Assoc. Prof. Klaus Schoeffmann (University of Klagenfurt, Austria) & Prof. Cathal Gurrin (Dublin City University, Ireland)
Keynote Title
From Concepts To Embeddings. Charting the use of AI in Digital Video and Lifelog Search over the last Decade
Abstract: In the past decade, the field of interactive multimedia retrieval has undergone a transformative evolution driven by the advances in artificial intelligence (AI). This keynote talk will explore the journey from early concept-based retrieval systems to the sophisticated embedding-based techniques that dominate the landscape today. By examining the progression of such AI-driven approaches at both the VBS (Video Browser Showdown) and the LSC (Lifelog Search Challenge), we will highlight the pivotal role of comparative benchmarking in accelerating innovation and establishing performance standards. We will also forward at the potential future developments in interactive multimedia retrieval benchmarking, including emerging trends, the integration of multimodal data, and the future comparative benchmarking challenges within our community.

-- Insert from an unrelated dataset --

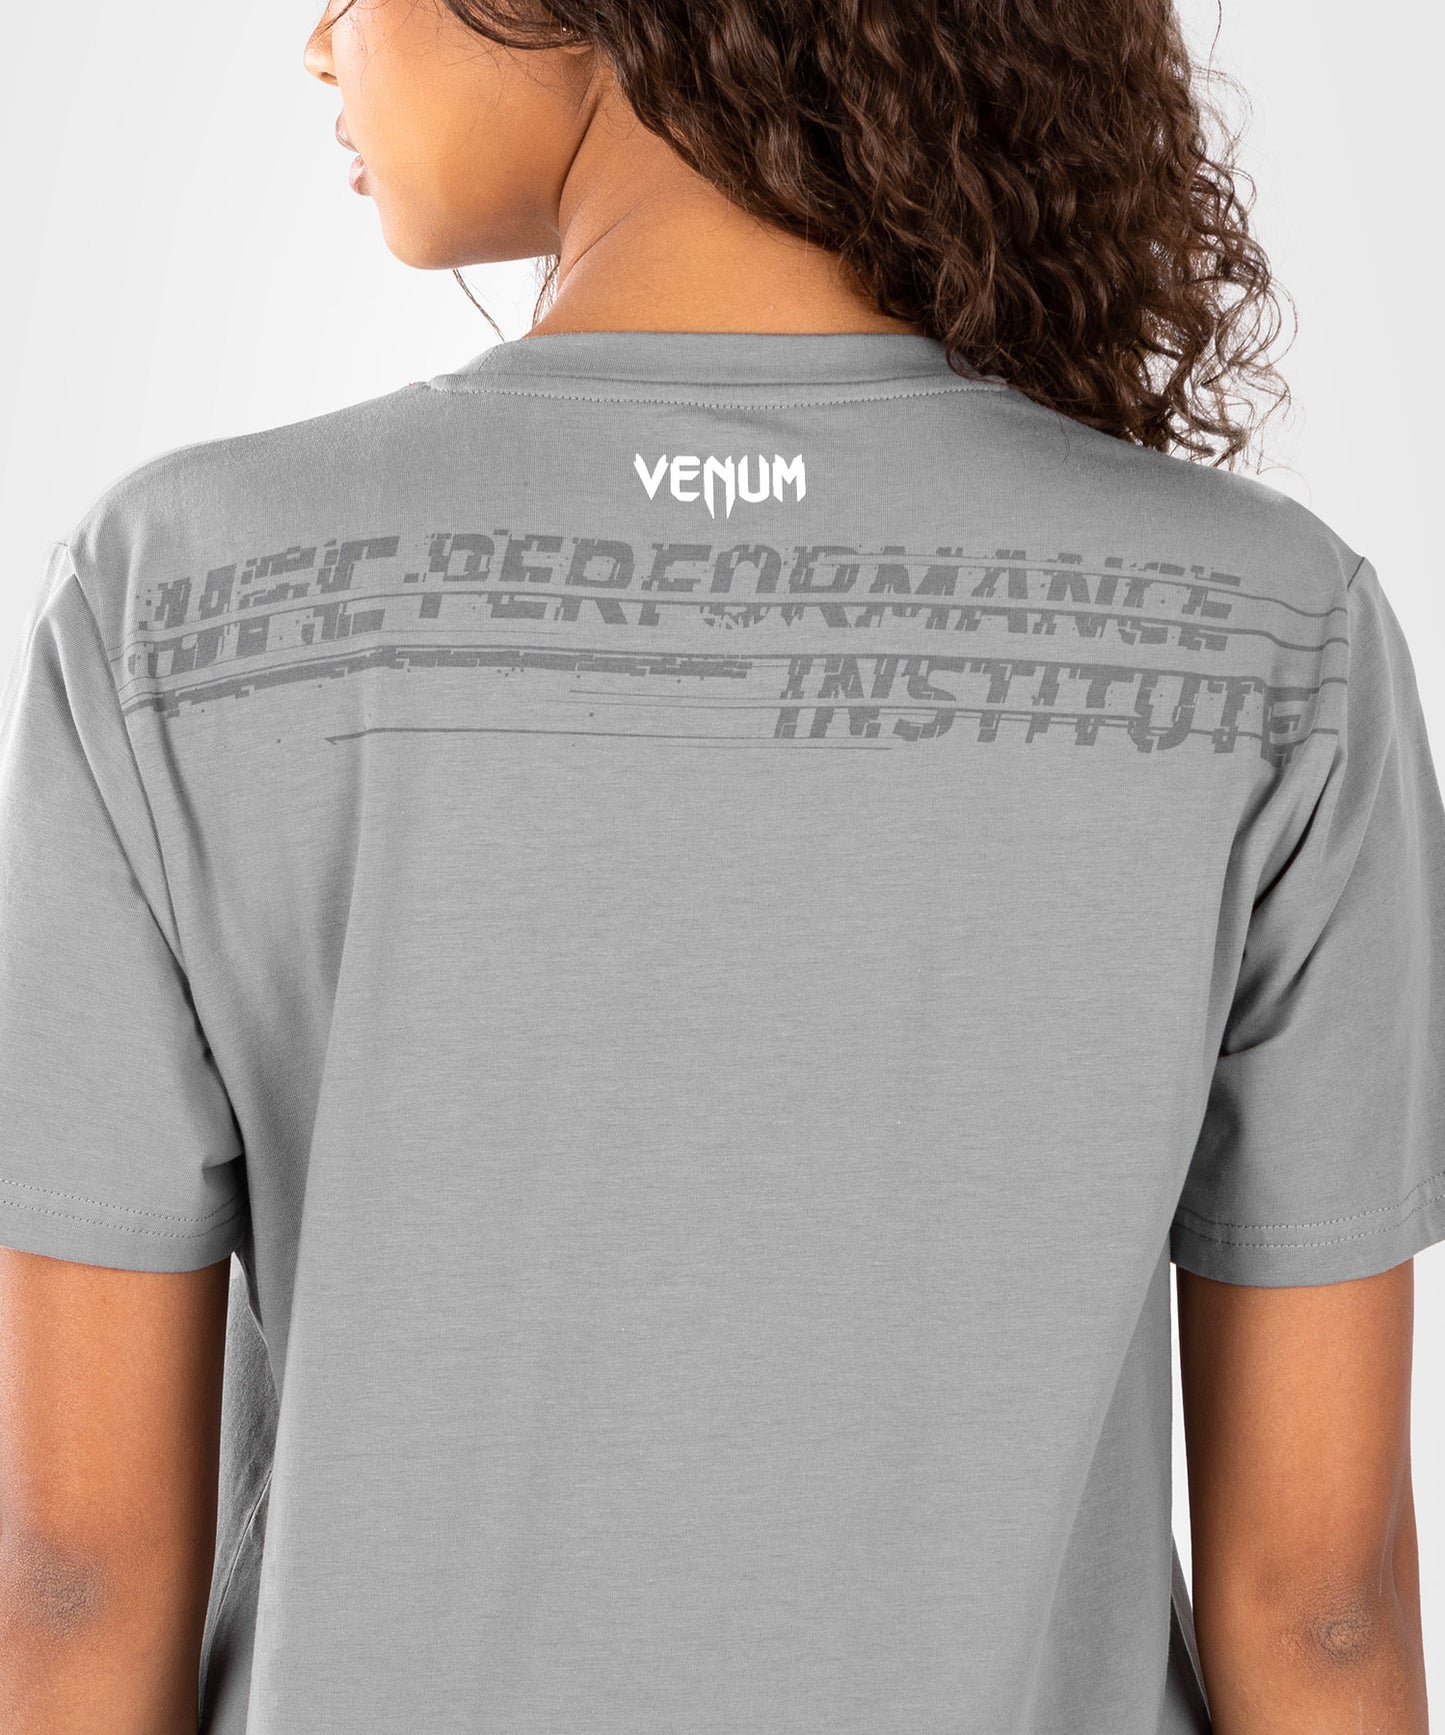 UFC Venum Performance Institute 2.0 T-shirt Grey
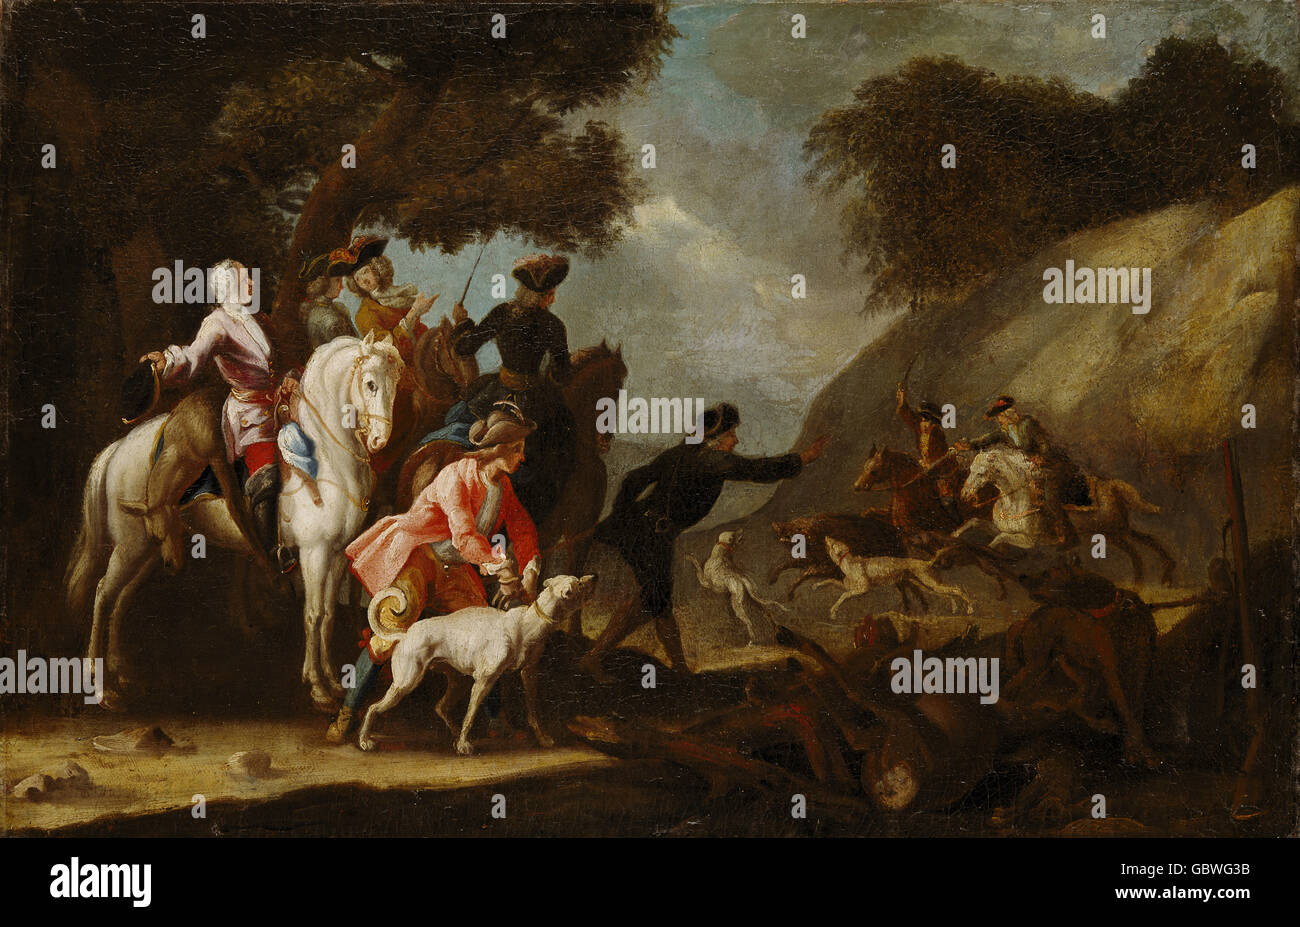 Jagd, Wildschweine, Coursing, Wildschweinjagd, Malerei, süddeutscher Meister, um 1750, Zusatzrechte-Clearences-nicht vorhanden Stockfoto

Prof. Huiyu Zhou, University of Leicester
Bio: Dr. Huiyu Zhou received a Bachelor of Engineering degree in Radio Technology from Huazhong University of Science and Technology of China, and a Master of Science degree in Biomedical Engineering from University of Dundee of United Kingdom, respectively. He was awarded a Doctor of Philosophy degree in Computer Vision from Heriot-Watt University, Edinburgh, United Kingdom. Dr. Zhou currently is a full Professor at School of Computing and Mathematical Sciences, University of Leicester, United Kingdom. He has published over 500 peer-reviewed papers in the field. His research work has been or is being supported by UK EPSRC, ESRC, AHRC, MRC, EU, Innovate UK, Royal Society, British Heart Foundation, Leverhulme Trust, Puffin Trust, Alzheimer’s Research UK, Invest NI and industry. Homepage: https://le.ac.uk/people/huiyu-zhou
Keynote Title
Video Understanding for Behavioural Analysis
Abstract: Video understanding has emerged as a powerful tool in behavioural analysis, offering innovative methodologies to capture and interpret complex behaviours from visual data. This talk explores the various techniques used in video understanding, including machine learning, deep learning, and computer vision, which can be used to address the challenges in this field, such as accurately detecting and tracking multiple subjects, recognising subtle and nuanced behaviours, and managing large volumes of video data. The application of video understanding extends across numerous sectors from multimedia, healthcare to security, with potential to revolutionise behavioural analysis and beyond.
Prof Zhou will share his experience and insights in video understanding for behavioural analysis. He will present a case study on Parkinson’s disease (PD) diagnosis to demonstrate the capability of video understanding in healthcare. He will describe the methodologies developed to analyse behaviours in both animals (e.g, mice) and humans. These include pioneering techniques for detecting and tracking single and multiple mice, recognising individual and social behaviours, conducting comprehensive social behaviour analysis, and also for distinguishing between normal and PD-afflicted mice by examining their interactions and movements. He will conclude with a vision for the future of video understanding in behavioural analysis, along with an outline for the anticipated advancements in technology and methodology, the potential for broader applications, and the ongoing research efforts aimed at overcoming current limitations.
Prof Mark Plumbley, University of Surrey
Bio:
Prof. Mark Plumbley is Professor of Signal Processing at the Centre for Vision, Speech and Signal Processing (CVSSP) at the University of Surrey, in Guildford, UK. He is an expert on analysis and processing of audio, using a wide range of signal processing and machine learning methods. He led the first international data challenge on Detection and Classification of Acoustic Scenes and Events (DCASE), and is a co-editor of the book “Computational Analysis of Sound Scenes and Events” (Springer, 2018). He currently holds a 5-year EPSRC Fellowship “AI for Sound” on automatic recognition of everyday sounds. He is a Member of the IEEE Signal Processing Society Technical Committee on Audio and Acoustic Signal Processing, and a Fellow of the IET and IEEE.
Keynote Title
Machine Learning for Everyday Sounds: Recognition, Captioning, Visualization, Separation and Generation of Audio
Abstract:
The last few years has seen a rapid increase of interest in machine learning for everyday sounds. Starting a decade ago with acoustic scene classification and sound event detection, the challenges and workshops on Detection and Classification of Acoustic Scenes and Events (DCASE) have brought together researchers from academia and industry to establish a new research community. In this talk, I will highlight some of the recent work taking place in this area at the University of Surrey, including pretrained audio neural networks (PANNs), audio captioning, audio visualization, audio source separation and audio generation (AudioLDM). I will also mention some cross-cutting issues such as dataset collection and algorithm efficiency, and discuss how we might design future audio machine learning applications for the benefit of people and society.